I have a system of equations that I have performed a linear stability analysis on. This linear stability analysis resulted in a two-dimensional system of nonautonomous ODEs that has the form
$\frac{\mathrm{d}}{\mathrm{d}t} \left( \begin{array}{c} x \\ y \end{array} \right) = \left( \begin{array}{cc} A(t) & B(t) \\ C(t) & 0 \end{array} \right) \left( \begin{array}{c} x \\ y \end{array} \right)$.
There is only one equilibrium point, namely $(x,y) = (0,0)$. I wish to know the stability of this equilibrium point. I have learned that the eigenvalues cannot alone be used to determine stability, as they can if the coefficients were only constants. What conditions must $A(t), B(t)$ and $C(t)$ meet in order for the solution to approach the equilibrium point?

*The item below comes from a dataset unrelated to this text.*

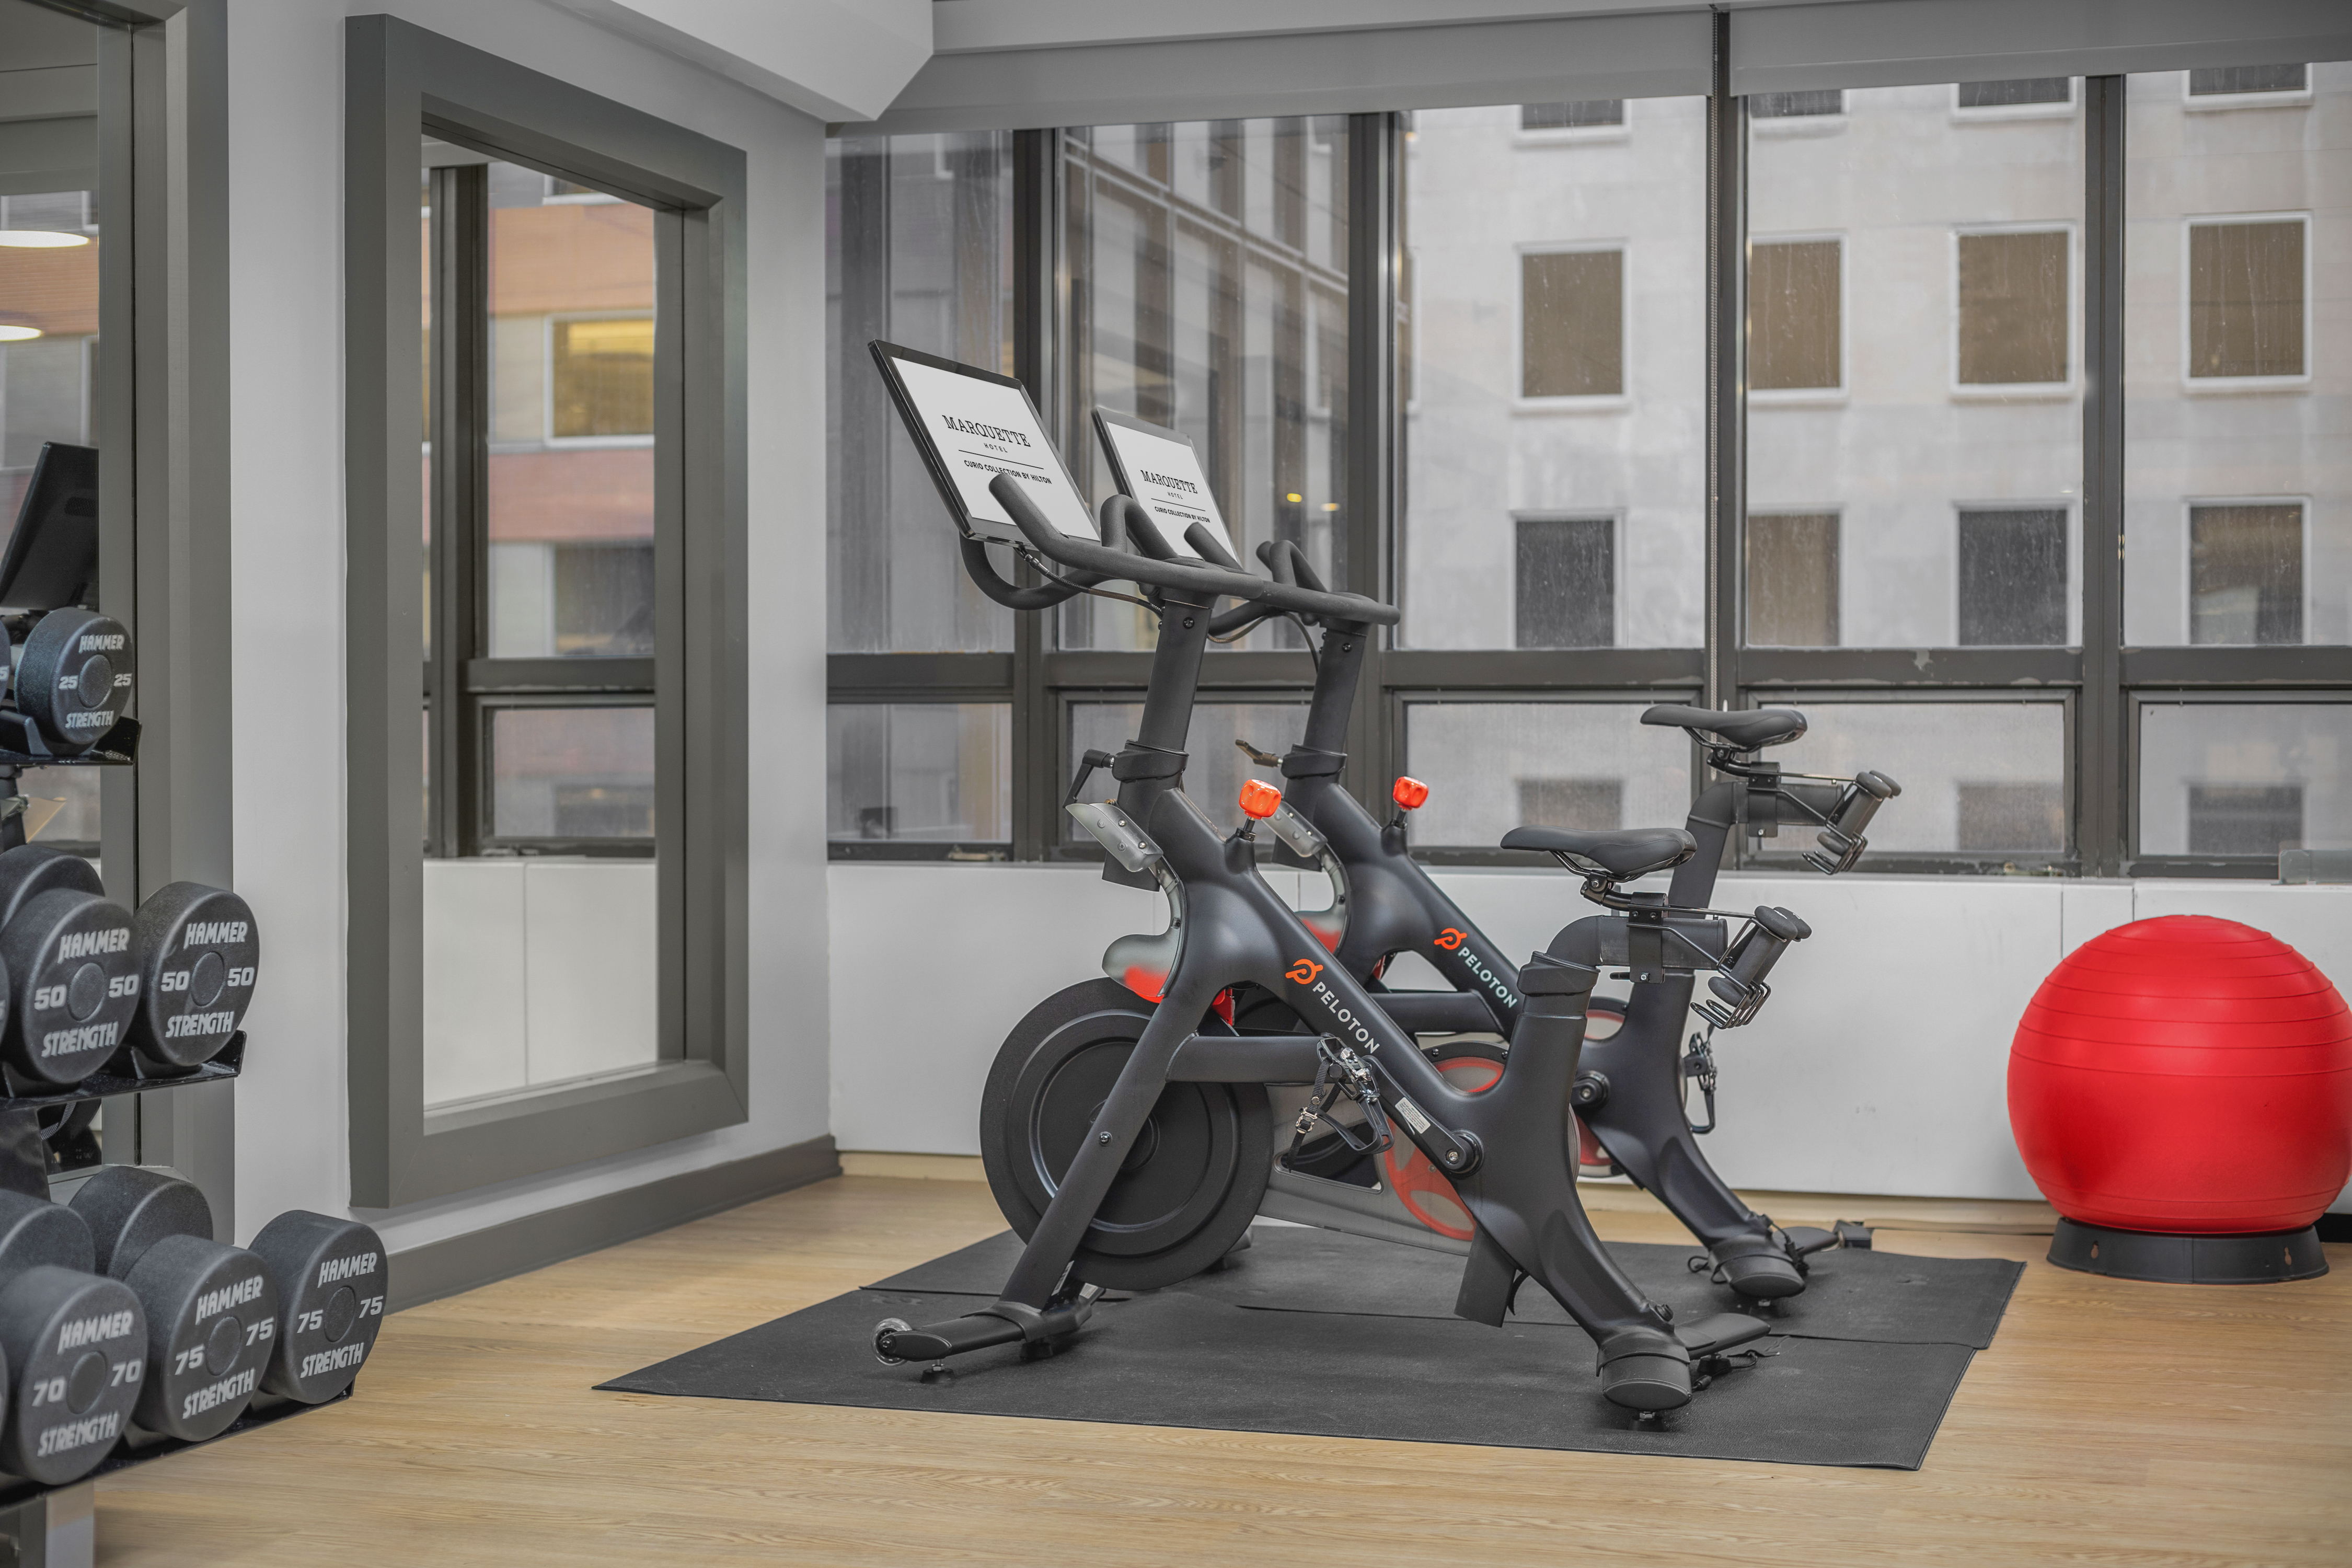 Exercise Bikes and Weights in Fitness Center

The system can be solved explicitly, but the necessary and sufficient condition of stability/asymptotic stability expressed in terms of $A,B,C$ appears to be complicated. Let us derive some sufficient conditions that easy to check and use.
An explicit solution of the system is
$(1)$ $x(t) = e^{\int_0^tA(s)ds}(x_0 + y_0\int_0^tB(s)e^{\int_0^s(C(\tau)-A(\tau))d\tau}ds)$
$(2)$ $y(t) = y_0e^{\int_0^tC(s)ds}$
Here we suppose that all the functions are defined in $[0, \infty)$ without loss of generality.
All the stability conditions can be derived from the solution above. Let confine ourselves to the question of trivial solution asymptotic stability. The solution of linear system is asymptotically stable IFF any solution tends to zero. Obvious necessary conditions for that are
$(3)$ $\lim_{t\rightarrow\infty}\int_0^tC(s)ds = -\infty,$
$(4)$ $\lim_{t\rightarrow\infty}\int_0^tA(s)ds = -\infty $
Probably the most simple sufficient condition for $x(t) \rightarrow0$ from $(1)$ is
$(5)$ $\int^\infty|B(s)|ds < \infty$.
Indeed, $(3,4)$ imply that exponent in the second term of $(1)$ tends to zero and therefore is bounded. Thus, $(5)$ implies finiteness of whole second term in $(1)$, so $x(t) \rightarrow0$.
Finally we come to relatively simple sufficient conditions for asymptotical stability of the system in question: the system is stable if integrals of $A(t), B(t)$ are both $-\infty$ and $B(t)$ is absolutely integrable function (conditions $(3,4,5)$).